I
have been distracted this week and have nothing to show for my distraction. I have no idea what I have done this week other than buy a horizontal arm for my tripod – no one should be without one in my opinion.
Anyhow, with this in mind I have written a list of 10 things I didn’t manage to do in the last 7 days. I didn’t:-
- Buy Greenland
- Charter a private jet to annoy environmentalists
- Visit my blog friends
- Use a river as an open sewer [I have a septic tank]
- Get a surprise from a high jumping dolphin
- Encounter french resistance
- Drink a mug of gravy
- Start a feud with Denmark
- Finish my collage alphabet
- Get a surprise from a smoking kipper
So I have been dull, dull, dull! Just look what everybody else is doing! Maybe I should retitle this list as: Things To Do Next Week, now there’s a plan.

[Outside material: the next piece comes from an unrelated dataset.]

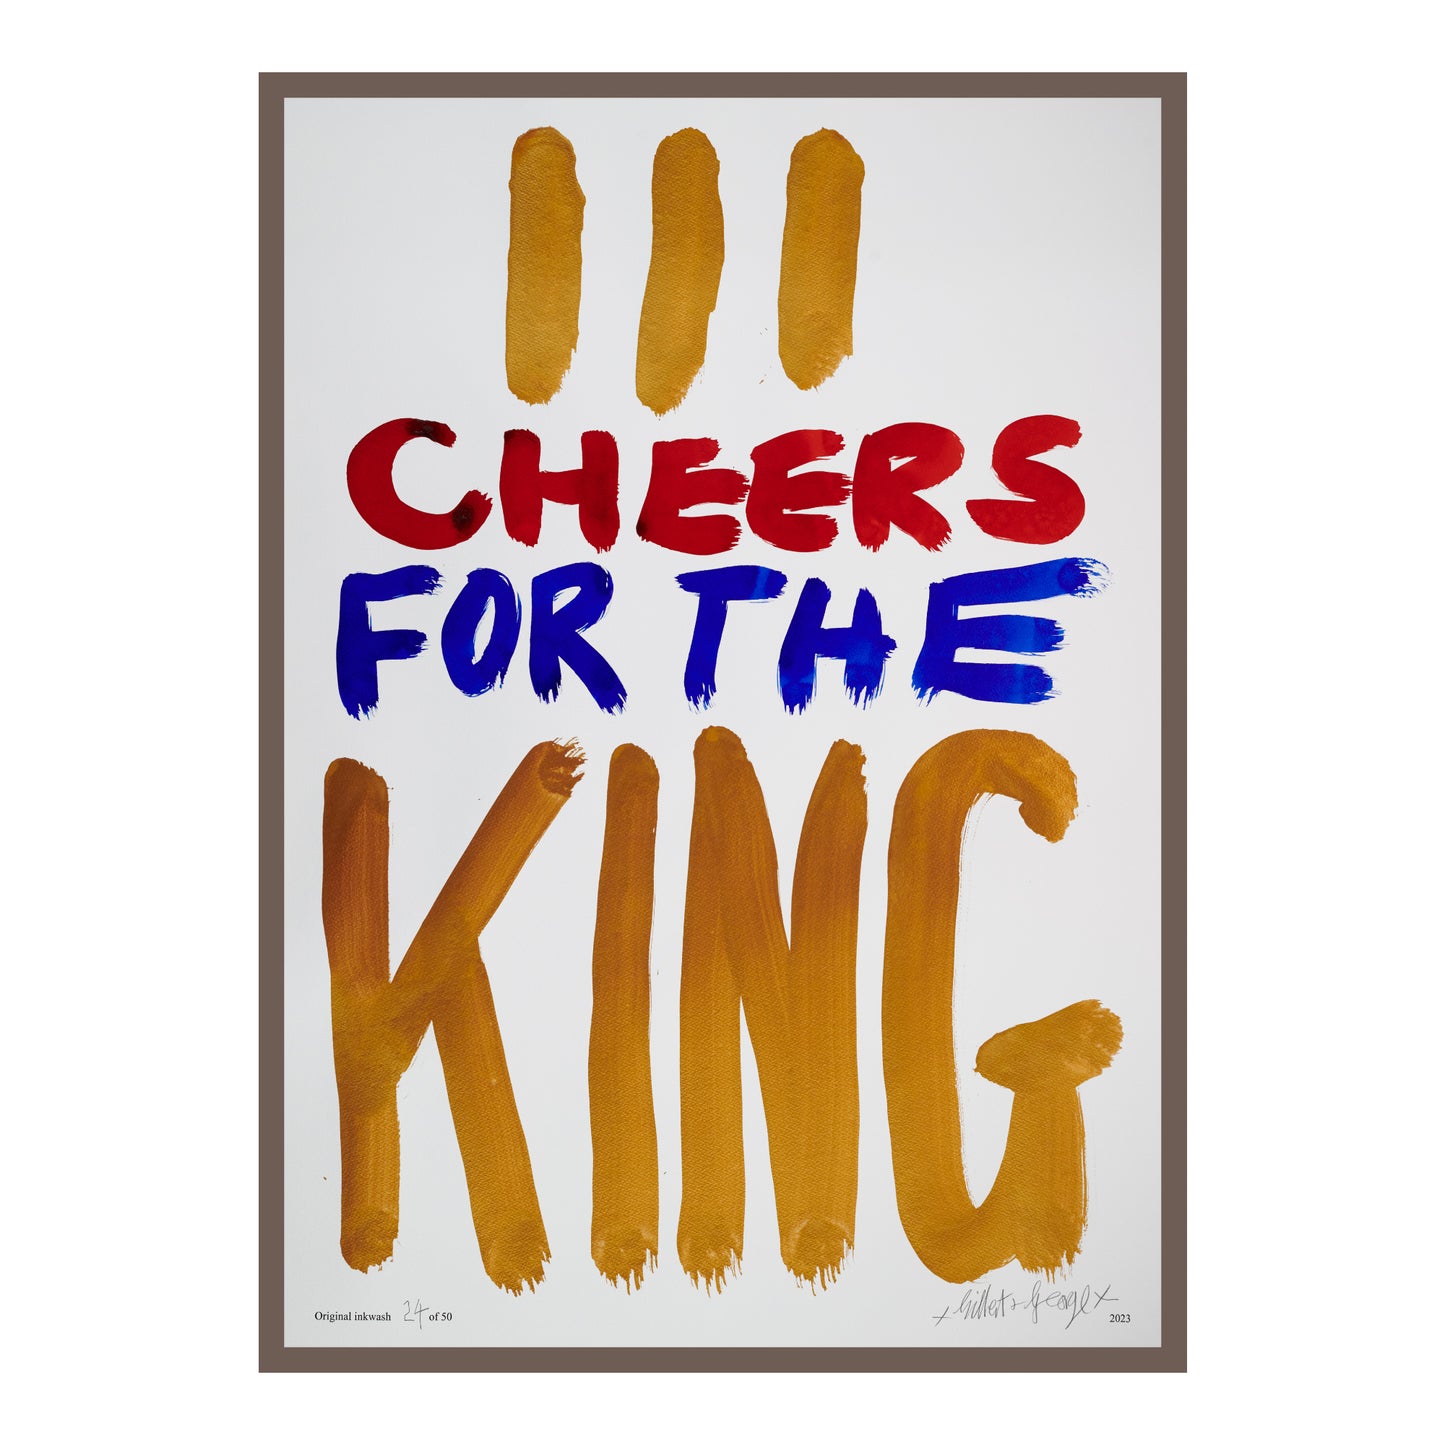 III CHEERS FOR THE KING (v)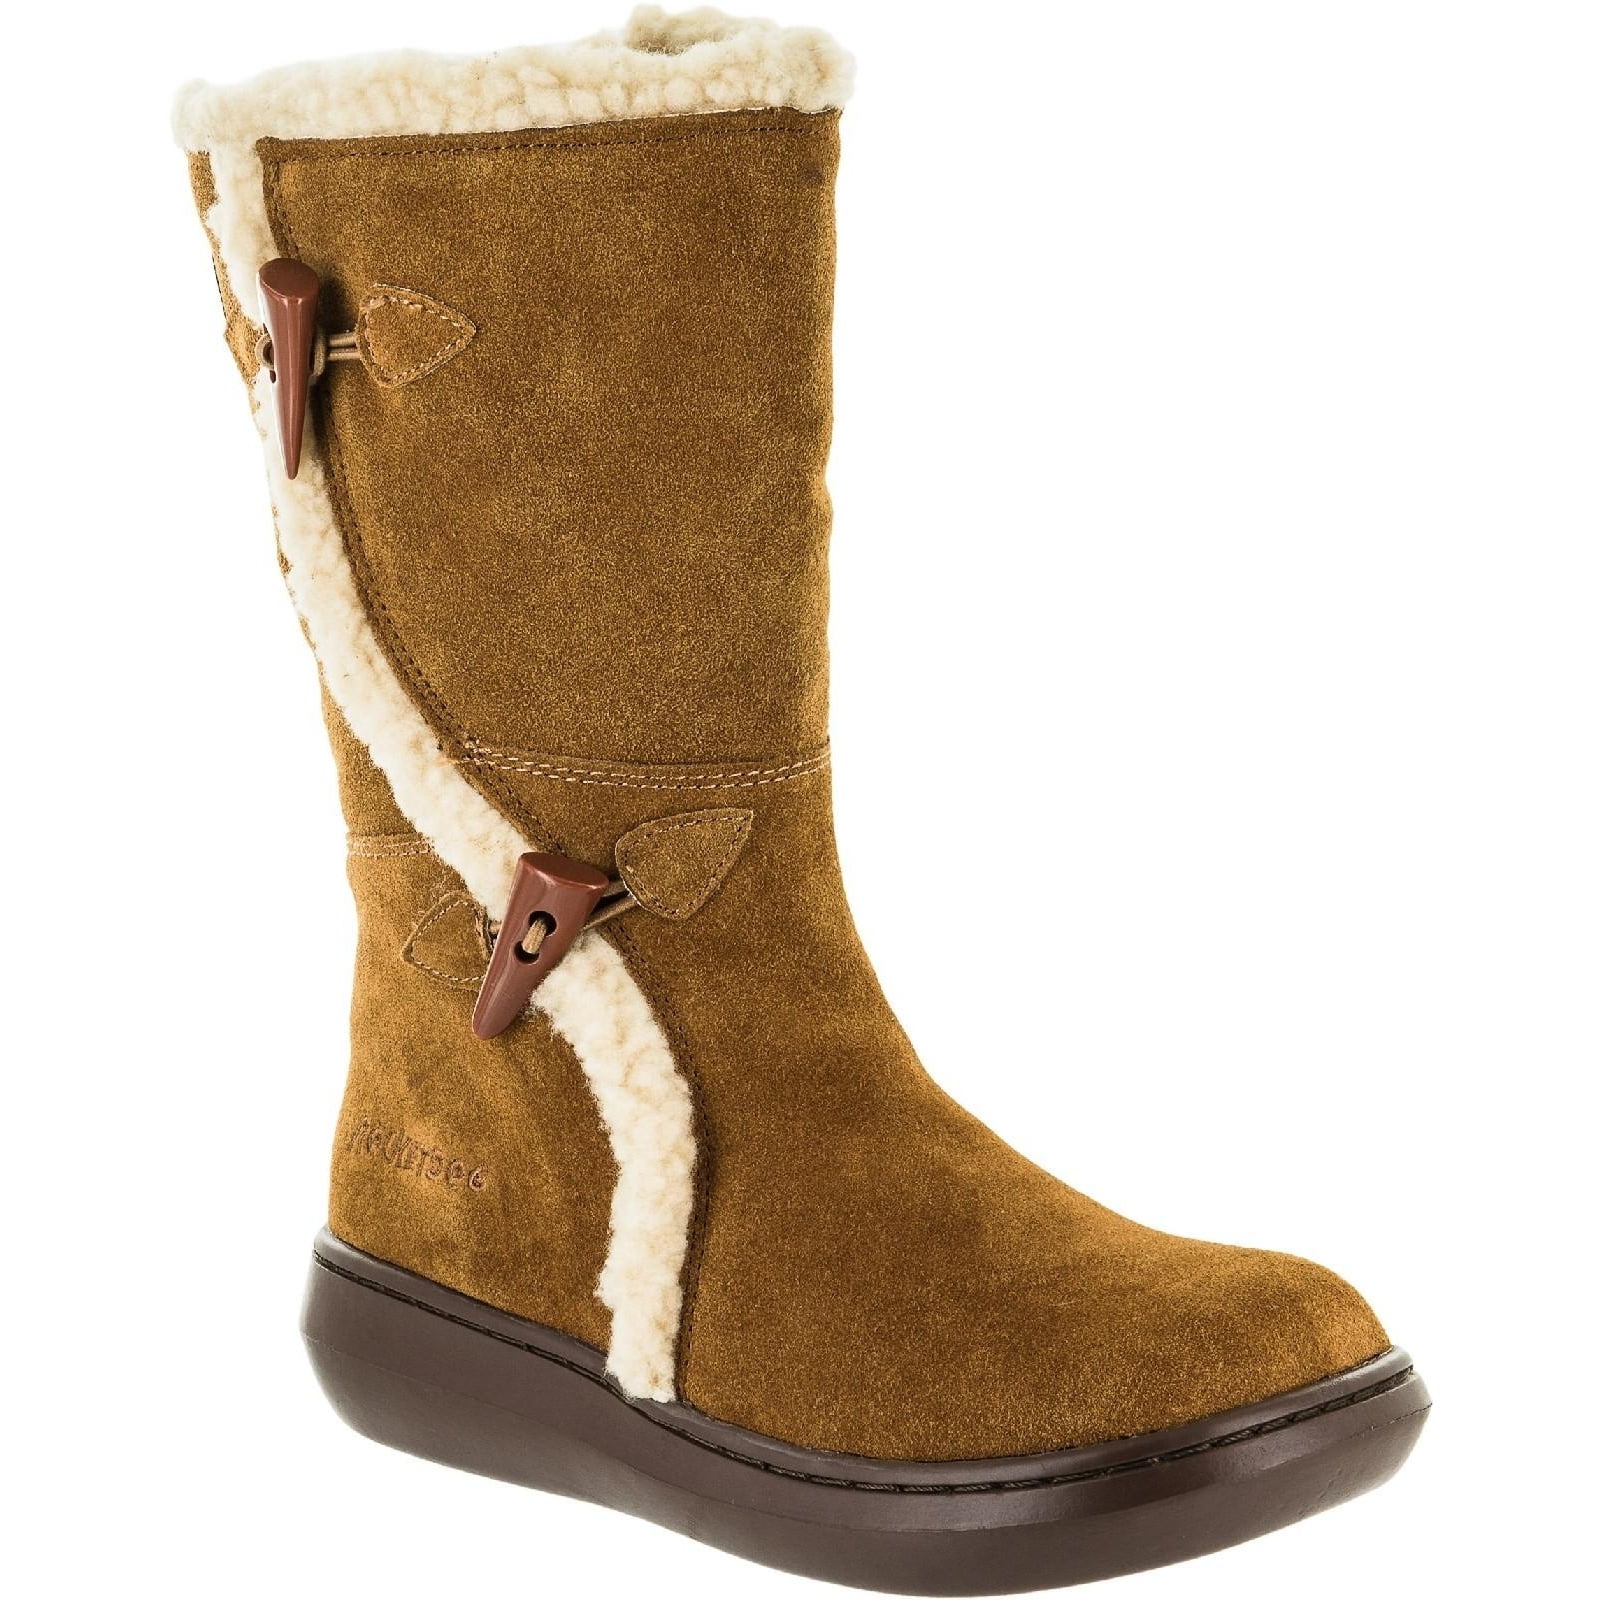 Rocket Dog Womens Staples Suede Winter Boots

Well! I don’t quite know what to say. Oh, wait! Yes, I do. At least on the Greenland thing…I have already warned intended buyers that the navies of Denmark and Canada share duties on that island https://en.wikipedia.org/wiki/Hans_Island and http://mentalfloss.com/article/545928/worlds-friendliest-territorial-dispute-could-finally-be-over any intending “buyer/ invader” might find him/herself up against Vikings AND Mounties.
But it is good to see that you are up and about.
Also… would a tripod not need 3 horizontal bars? Or have I had a little too much Old Lady Beverage?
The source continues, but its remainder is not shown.